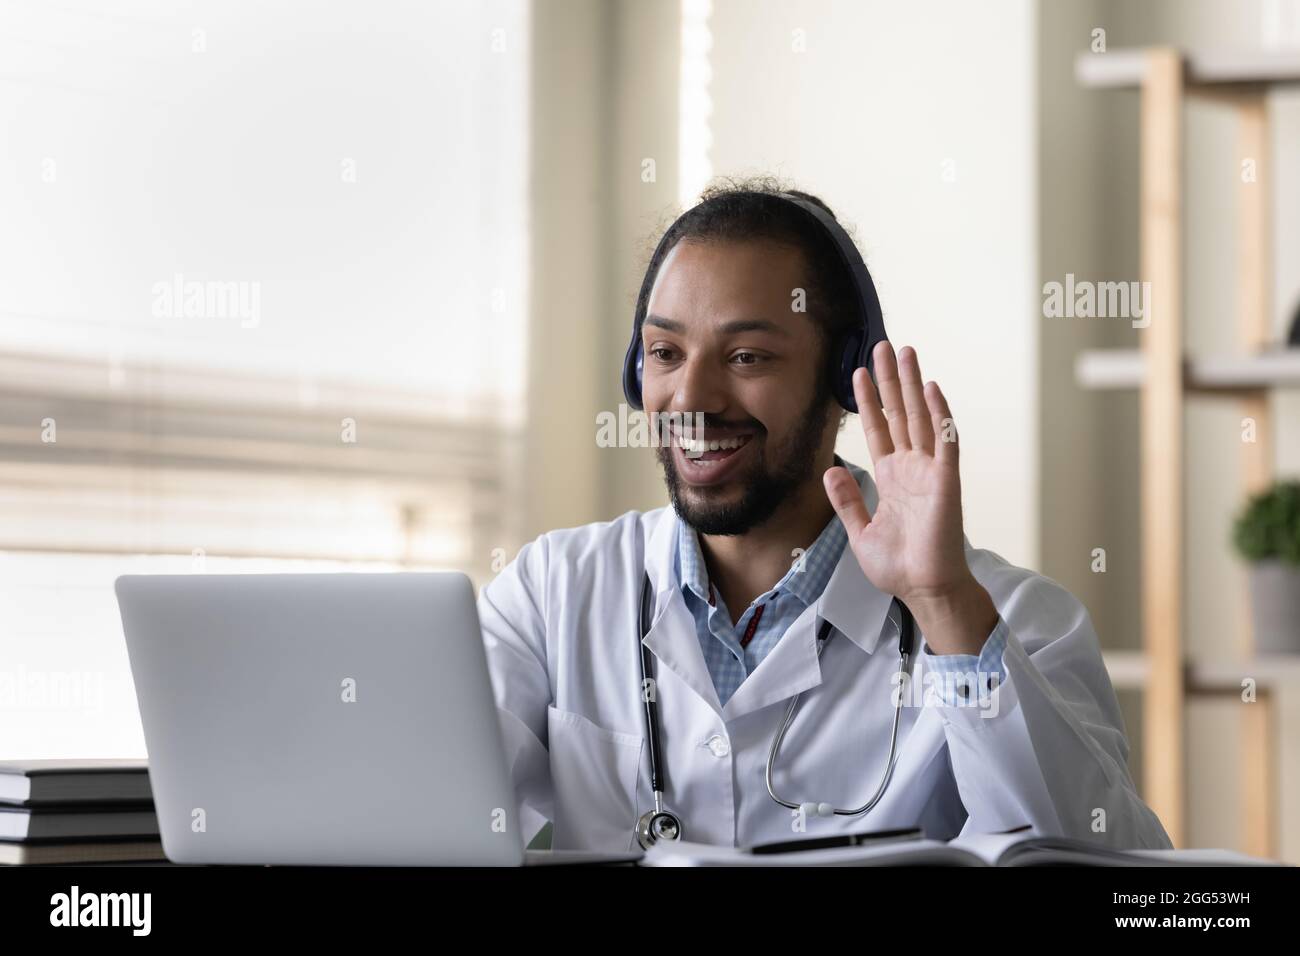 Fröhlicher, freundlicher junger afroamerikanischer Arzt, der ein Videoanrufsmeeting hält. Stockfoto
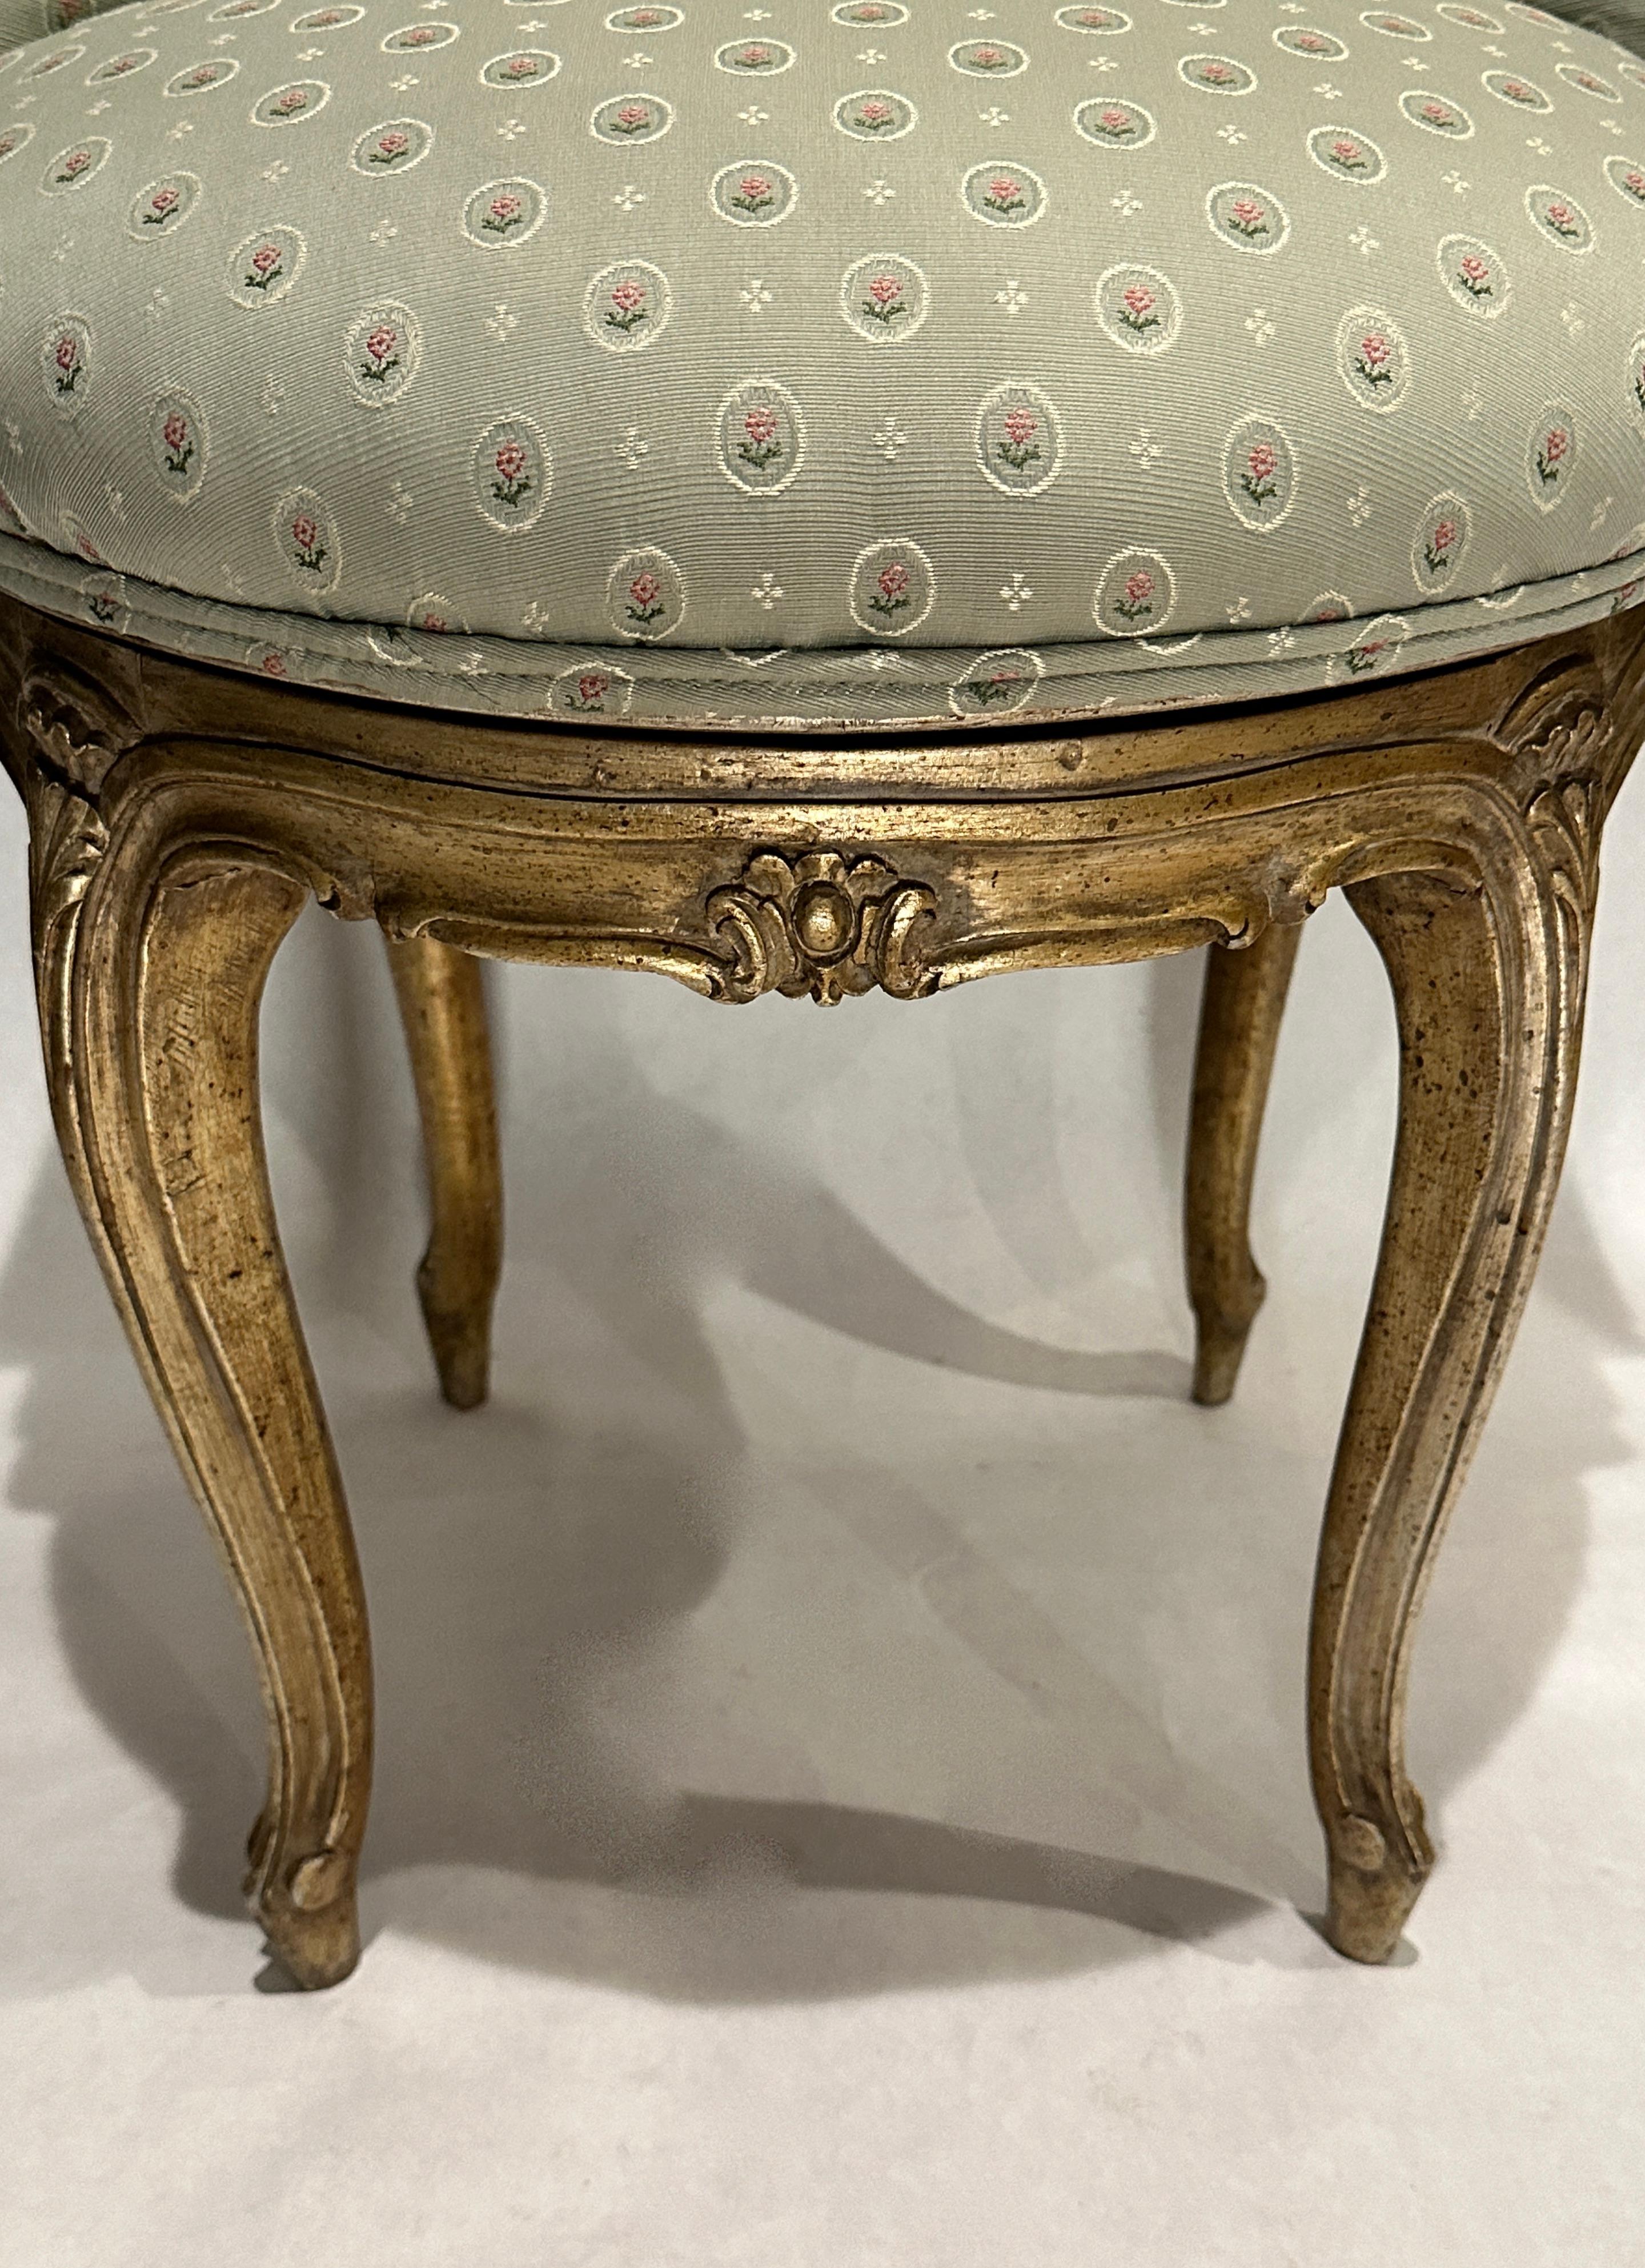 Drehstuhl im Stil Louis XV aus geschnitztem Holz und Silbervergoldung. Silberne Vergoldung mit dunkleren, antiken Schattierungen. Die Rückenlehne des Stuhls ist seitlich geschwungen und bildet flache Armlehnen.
-----
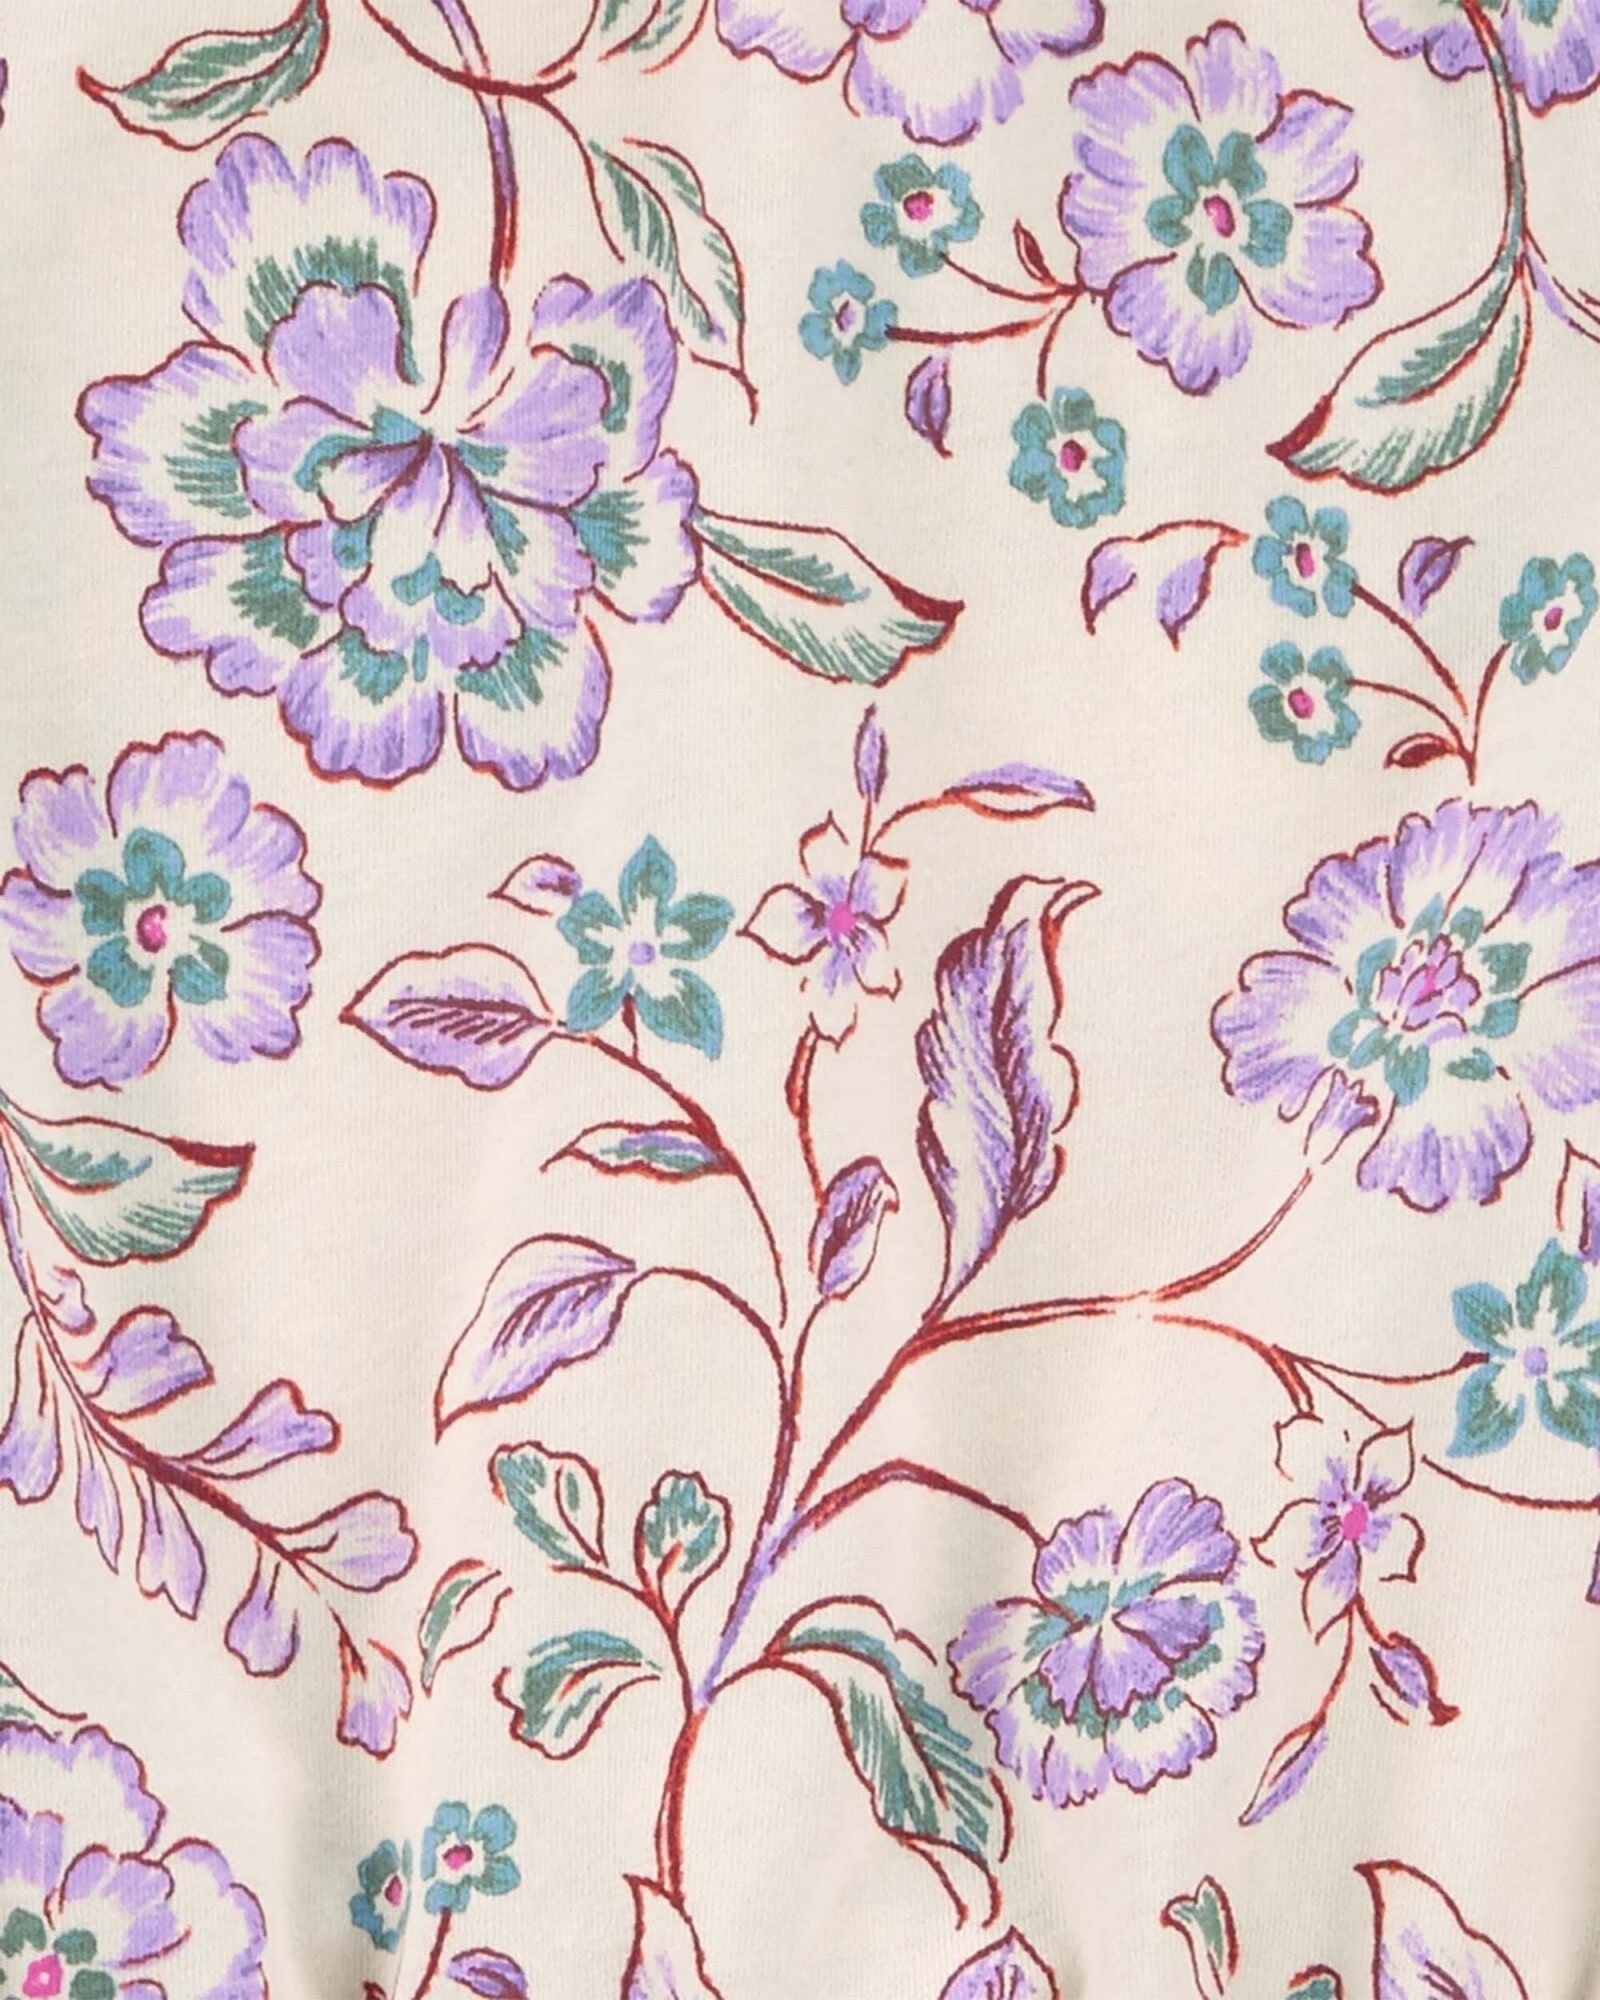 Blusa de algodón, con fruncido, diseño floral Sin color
-----
What is needed
Transcribe, exactly and without pictures, everything in the data from the line with "Fröhlicher, freundlicher junger" down to the line with "Drehstuhl im Stil", both included.

Expected answer
 Fröhlicher, freundlicher junger afroamerikanischer Arzt, der ein Videoanrufsmeeting hält. Stockfoto
 Drehstuhl im Stil Louis XV aus geschnitztem Holz und Silbervergoldung. Silberne Vergoldung mit dunkleren, antiken Schattierungen. Die Rückenlehne des Stuhls ist seitlich geschwungen und bildet flache Armlehnen.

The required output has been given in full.